A New Framework for ISM Emission Line Models: Connecting Multi-Scale Simulations Across Cosmological Volumes

TL;DR

This paper introduces a multi-scale simulation framework combining high-resolution FIRE simulations, semi-analytic line emission modeling, and machine learning to predict ISM emission lines in early galaxies, aligning well with observations and aiding future surveys.

Contribution

The novel framework connects detailed sub-grid ISM models with large cosmological simulations using machine learning, enabling accurate emission line predictions at cosmic scales.

Findings

Predicted line luminosities match current observations.

Framework highlights the importance of detailed sub-grid ISM models.

Forecasts for JWST line luminosity measurements and cosmic variance.

Abstract

The JWST and ALMA have detected emission lines from the ionized interstellar medium (ISM) in some of the first galaxies at $z \gtrsim 6$. These measurements present an opportunity to better understand galaxy assembly histories and may allow important tests of state-of-the-art galaxy formation simulations.
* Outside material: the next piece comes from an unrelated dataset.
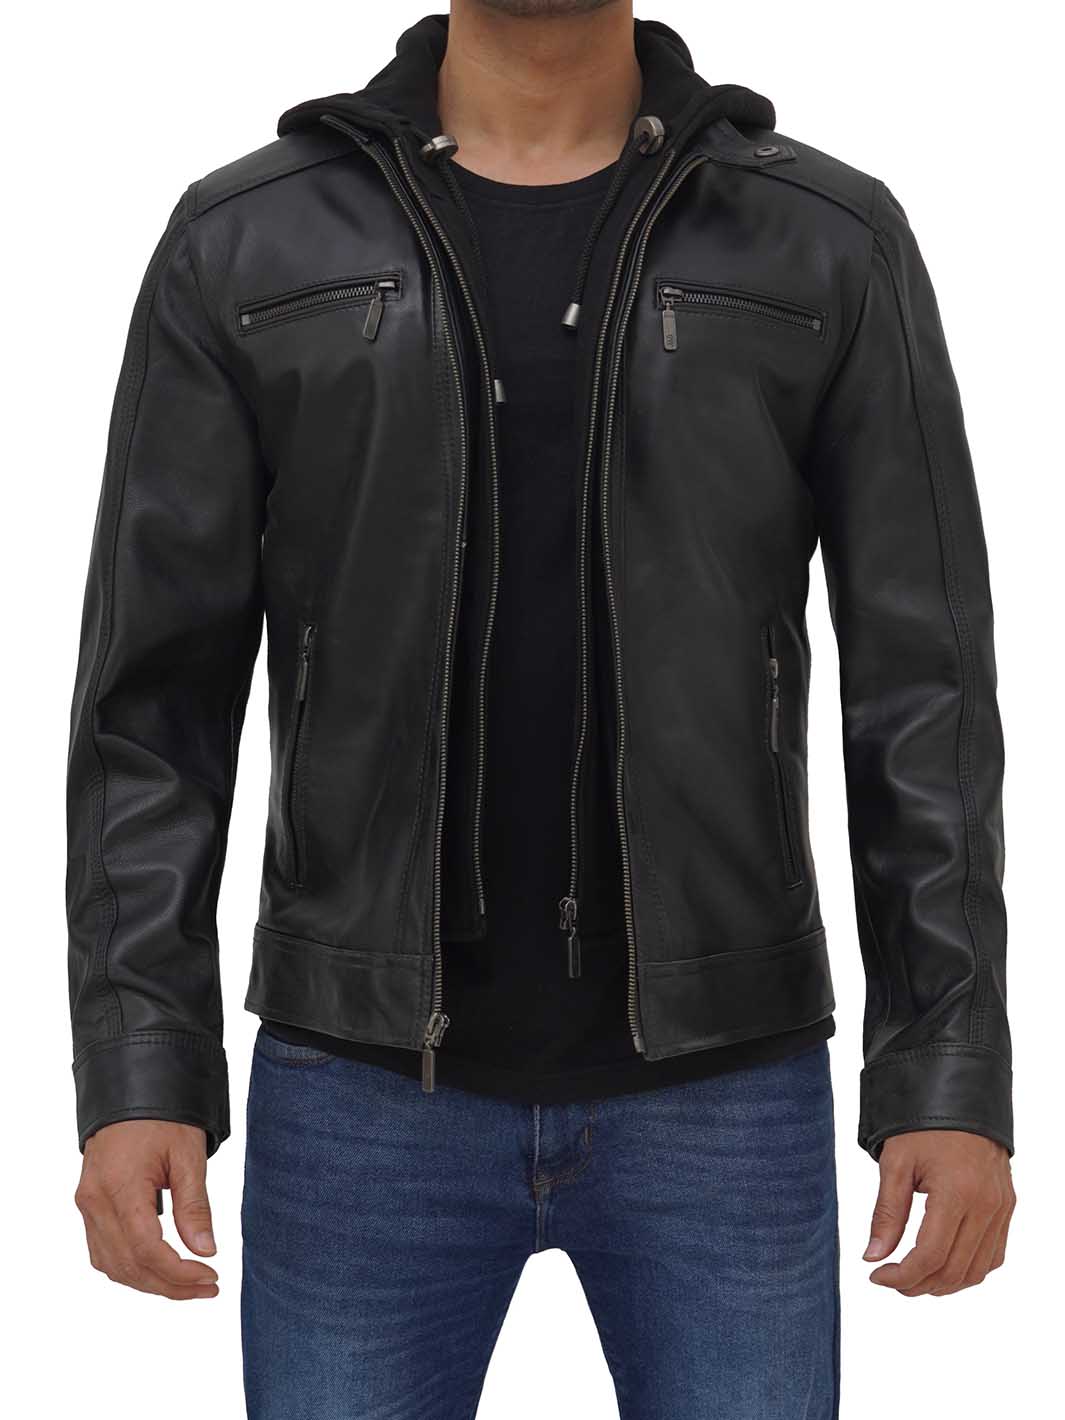 Mens Black Leather Jacket with hood

It is challenging, however, to model these lines in their proper cosmological context. In order to meet this challenge, we introduce a novel sub-grid line emission modeling framework. The framework uses the high-$z$ zoom-in simulation suite from the Feedback in Realistic Environments (FIRE) collaboration. The line emission signals from HII regions within each simulated FIRE galaxy are modeled using the semi-analytic HIILines code. A machine learning approach is then used to determine the conditional probability distribution for the line luminosity to stellar-mass ratio from the HII regions around each simulated stellar particle. This conditional probability distribution can then be applied to predict the line luminosities around stellar particles in lower resolution, yet larger volume cosmological simulations. As an example, we apply this approach to the IllustrisTNG simulations at $z=6$. The resulting predictions for the [OII], [OIII], and Balmer line luminosities as a function of star-formation rate (SFR) agree well with current observations. Our predictions differ, however, from related work in the literature which lack detailed sub-grid ISM models. This highlights the importance of our multi-scale simulation modeling framework. Finally, we provide forecasts for future line luminosity function measurements from the JWST and quantify the cosmic variance in such surveys.